We existed for years in this way. The money Clair and I had saved along with the few part time jobs I got around Chester would last us for years. I wouldn’t work full time; it wouldn’t have been fair to her. I was the only human being she ever saw.
I gave her speech; yes it’s true, it was very limited, it had to be. Surely you can see that. What would be the use of teaching her tree
if she was never going to see one? I gave her food. I gave her clothes. They weren’t much, but I had never taught her to dress herself, so it didn’t matter. I did everything for her. I could not allow her to learn much; it would have led to other things. Things, which she would not realize, were dangerous until it was too late.
I gave her… her world—with no windows to the harsh cruelty of life all around the house, no door to the injustice of humanity.
I loved her.
It was… perfect.
I would unlock and enter the soundproof, padded, air-conditioned, heated, humidity controlled world that was Marie’s; devoid of a mirror or even the simplest of furniture. The only thing besides the walls was a toilet, sink, and her toys.
I spared nothing to keep her permanently severed from the earth, alone in her distant magical castle tower.
She was fifteen.
Fifteen years in her own segregated world where only her daddy was allowed to enter, a man who had few words to say, none of which she understood. That made our love special. It was a primitive, prehistoric love without all the commercialism that seems needed by anyone else today to show his or her love.
She was fifteen on that hot summer evening. You told me it was last week, I know. But it seems so long ago, so, so long ago.
I was mowing the lawn. It had been far too hot that afternoon so I had decided to wait until evening. I took a break and came in to start my dinner. After checking on Marie I closed her door, walked back downstairs to the kitchen and turned on the stove.
The frying pan left from breakfast looked healthy enough for frying fish for dinner so I left it to heat. It was then that the doorbell rang. Glancing quickly at the open door leading to the attic I left it and went to the living room.
It was Clair.
If ever I had believed in reincarnation it was just then, as I stood with one hand on the door to steady myself against the nausea I felt swarming in my head. I had not noticed any woman for fourteen years, until now.
Are you alright?
she asked. Her voice was Clair’s.
Yes… I think so.
I said, moving my hand from the door to my head. I must have staggered for she reached out to steady me. Her touch was Clair’s.

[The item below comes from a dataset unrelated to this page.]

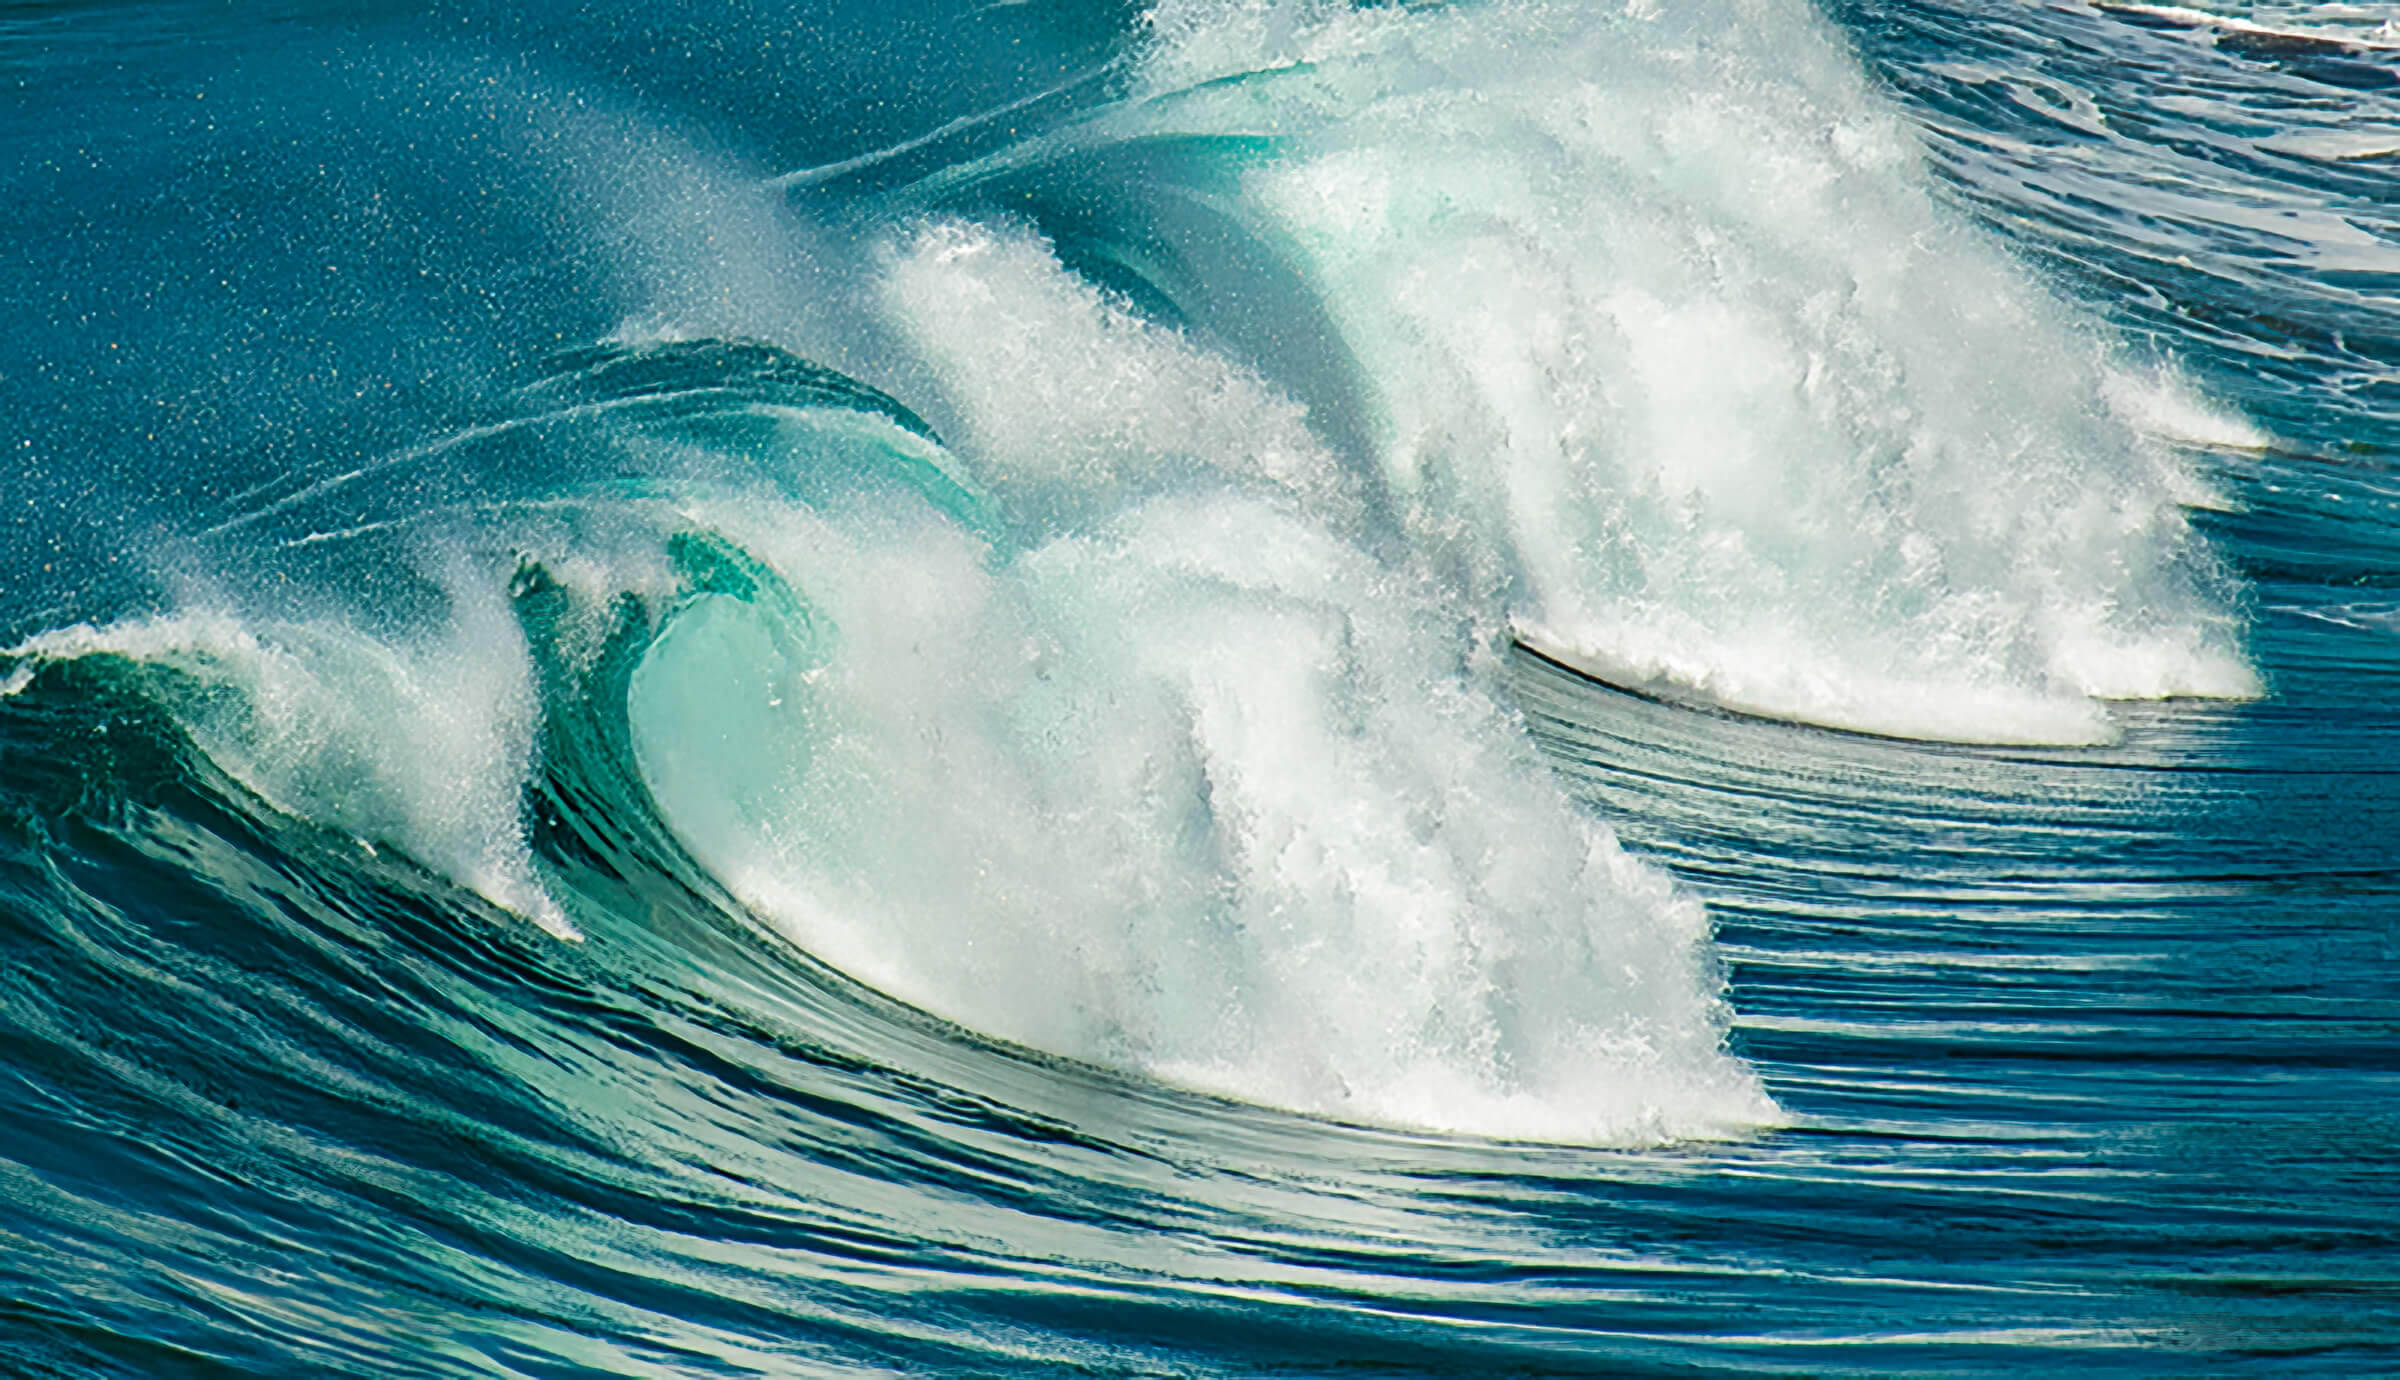 Lightfoot - white foamy wave on sparkling blue ocean

I think you had better sit down.
She said, helping me into a chair.
Thank you.
I said stupidly as I fell heavily into a chair.
My name’s Paula. I just moved in across the street. You looked like you were working hard so I thought I would, well, I made you some lemonade.
She said, offering the pitcher.
I nodded.
Here
She went on as she poured one of two glasses she had brought, It’s fresh.
I must have swallowed it in one gulp. Thank you.